Longer answer is slightly more complicated: Can you simulate martian gravity using an airplane, absolutely yes. Here's how a parabolic flight profile looks: Parabolic arc

The airplane us pulled up into a steep climb, then the pilots begin a pushover which accelerates the airplane downward at 9.8ms2. In videos of the vomit comet you'll see people float off the floor at this point. The pushover is continued until the airplane is in a steep descent and picks up speed for the next iteration. It is the change from the airplane from a steep climb to a steep descent that creates simulated zero gravity, not the dive on the other side of the parabola.

The forces acting on the airplane at that point look like this:

Forces acting on an airplane

The upward force felt by the passengers inside is perpendicular to the angle of descent, or climb (called the angle of attack, which is the angle of the wing through the relative wind). This is always point "up" in reference to the airplane, not in reference to the direction of gravity. So, in order to have your martian gravity the pilots would need to fly a profile that created a constant downward acceleration of 6.1ms2 (martian gravity is 3.7ms2, so 9.8 - 3.7 = 6.1) rather than 9.8ms2, which is as simple as putting less forward pressure on the stick. During that parabolic arc the wings are producing 3.7ms2 of lift.

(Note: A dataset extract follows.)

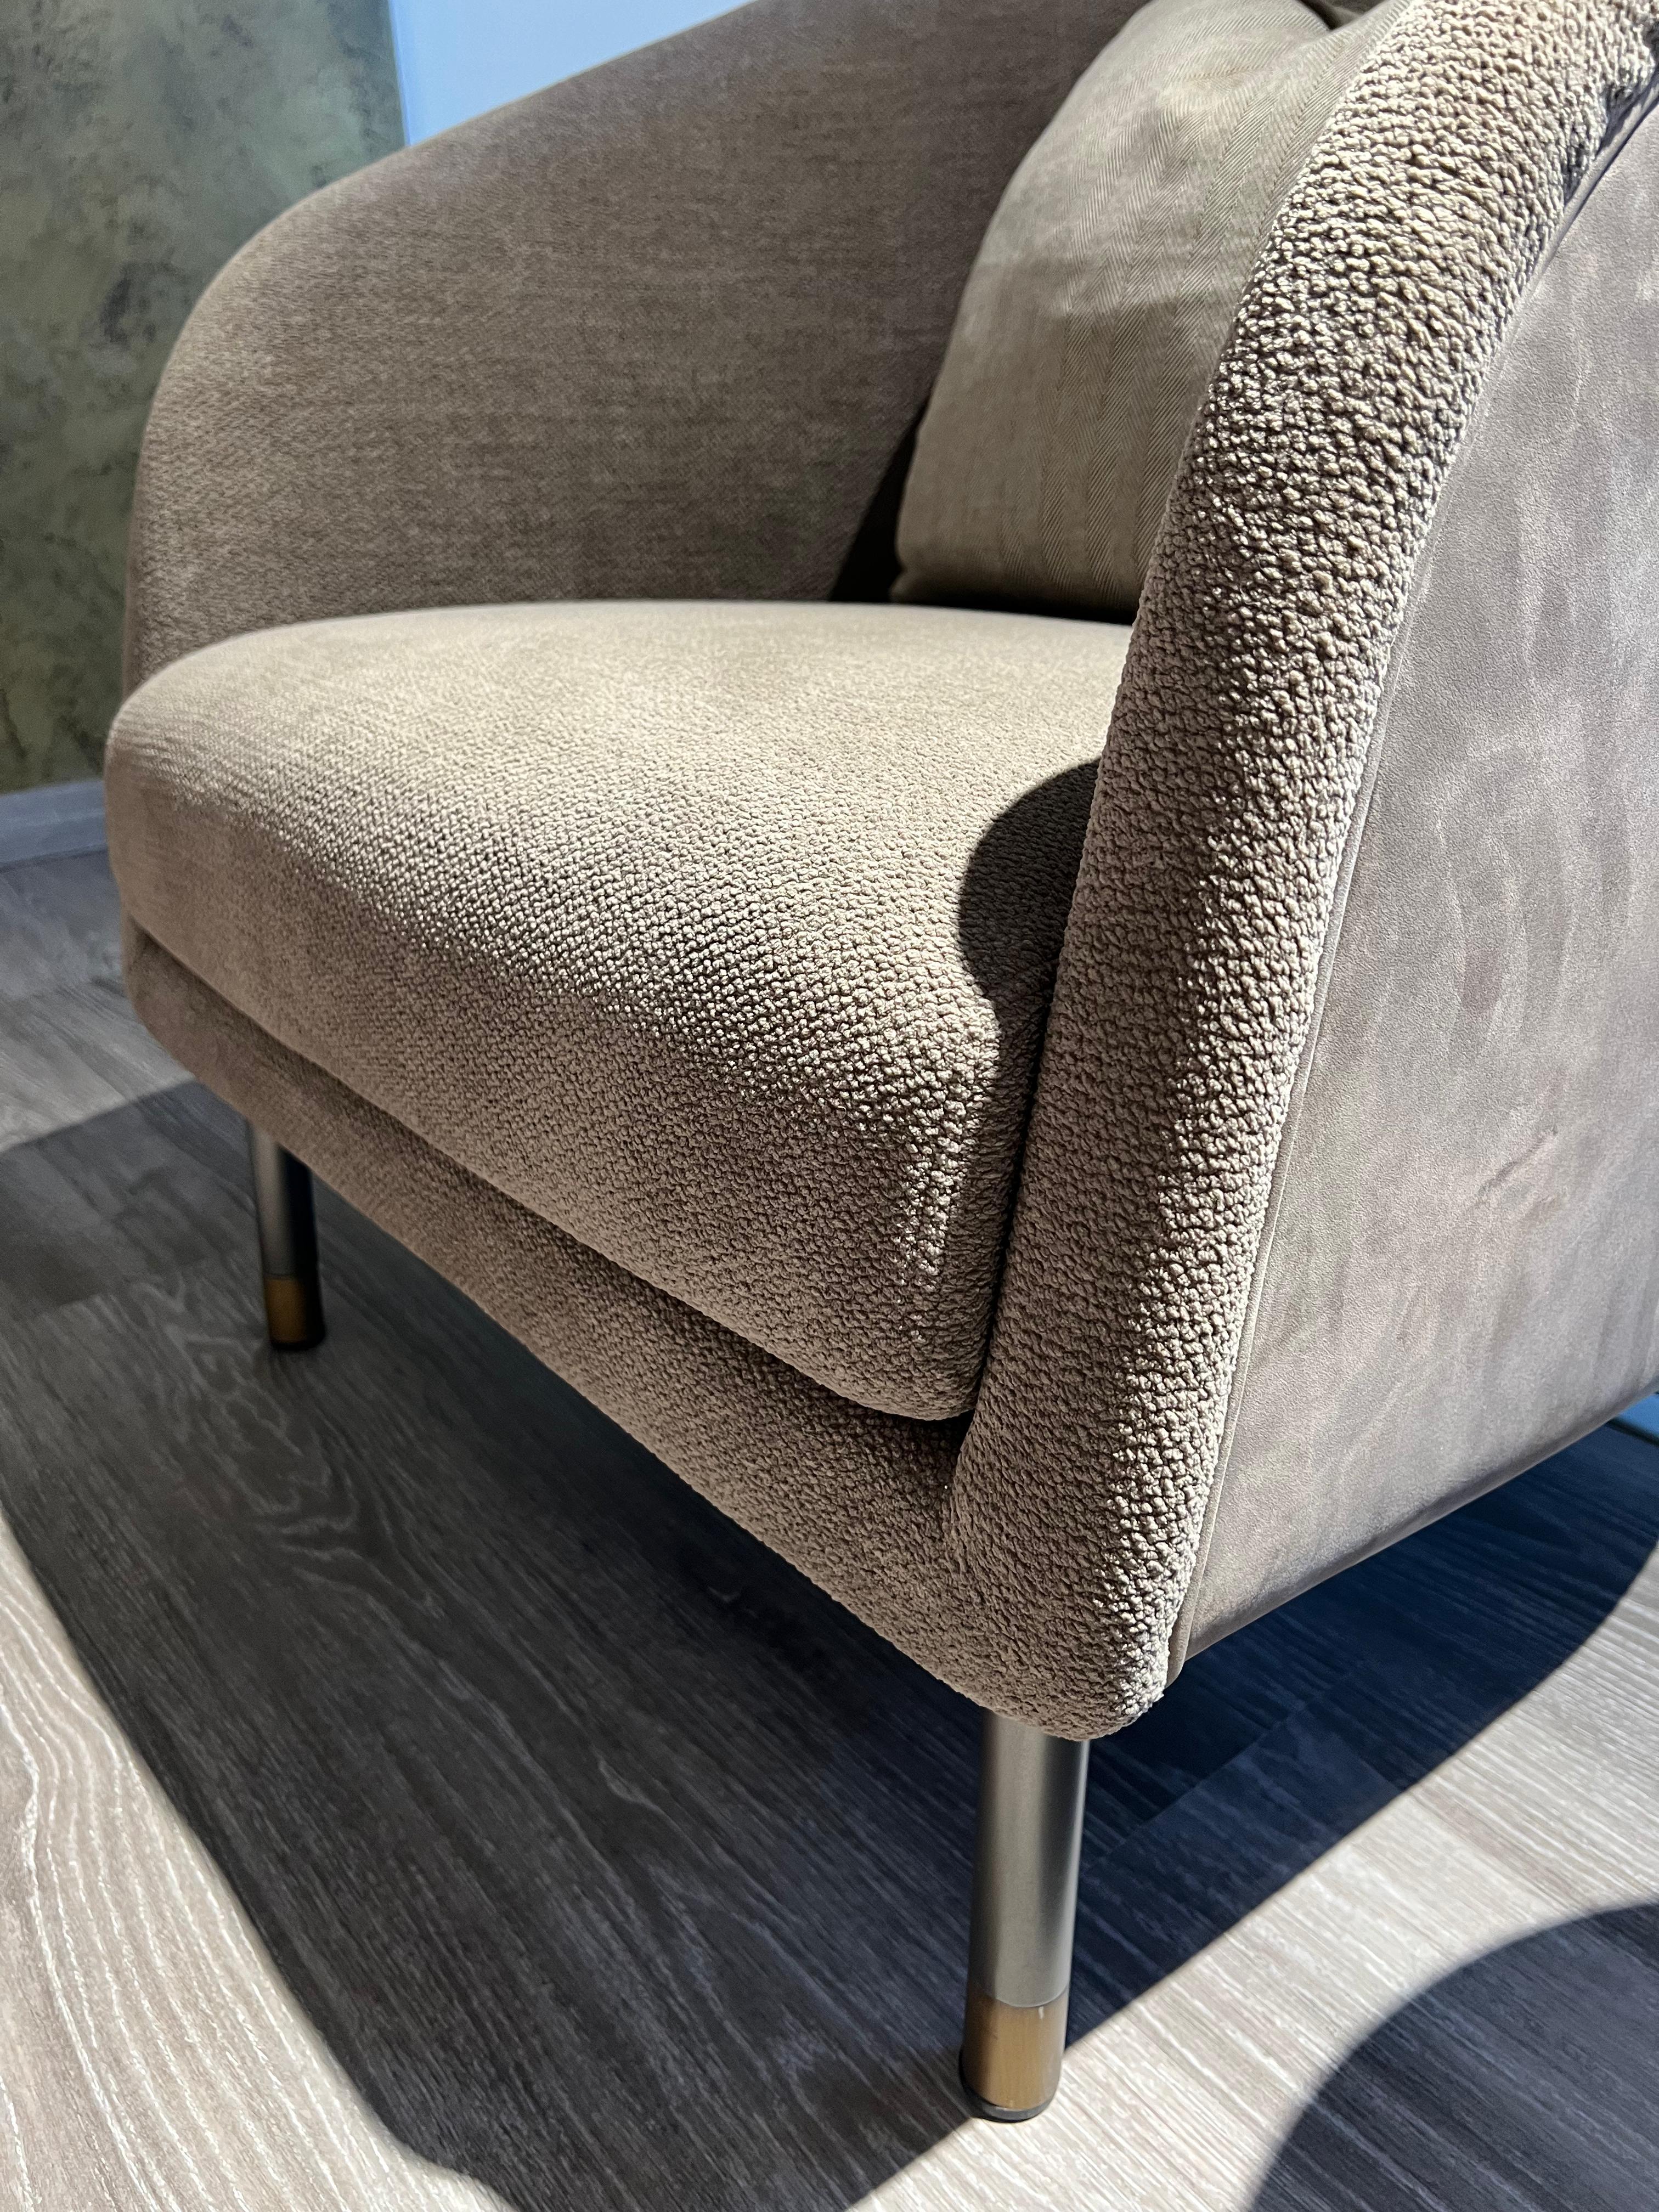 Le fauteuil Ralph, pilier de la collection Hoffman, est constitué d'une coque rigide en bois qui peut être revêtue d'une infinité de combinaisons de tissus ou de cuirs ; les coussins intérieurs peuvent être recouverts d'une infinie variété de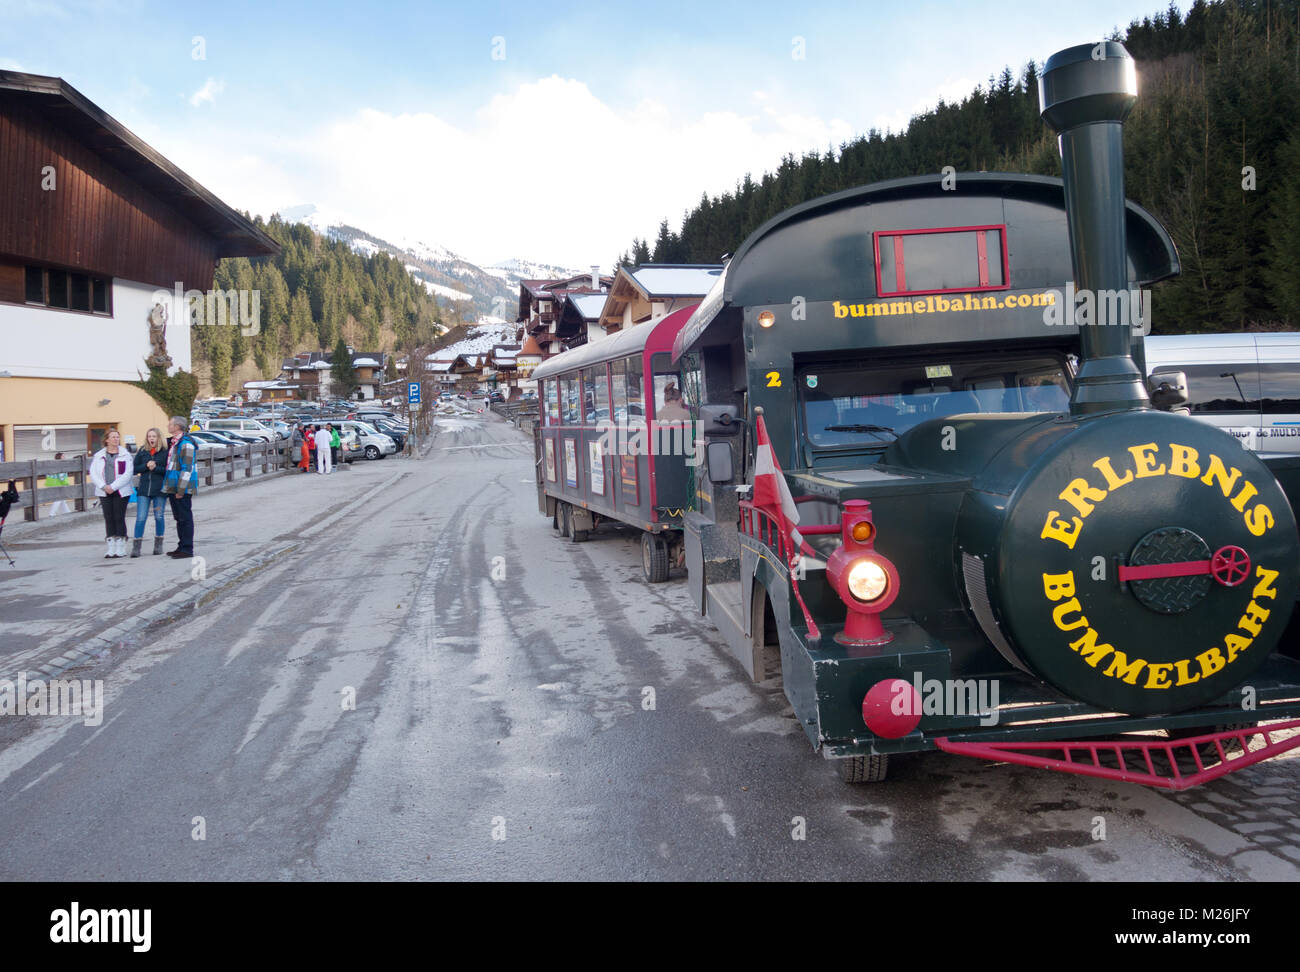 Stazione di sci ( Bummelbahn ) trasporti, nel villaggio di Auffach, Austria, Europa Foto Stock

You might think that a slower pushover means more time at martian gravity than zero gravity, however it's not that simple. As a pilot my main consideration would be to maintain a safe flight speed, the steep climb would put me behind the drag curve, and the slower pushover would allow more speed to bleed off. I might have to carry more airspeed or lessen the time of the maneuver, but it could be done.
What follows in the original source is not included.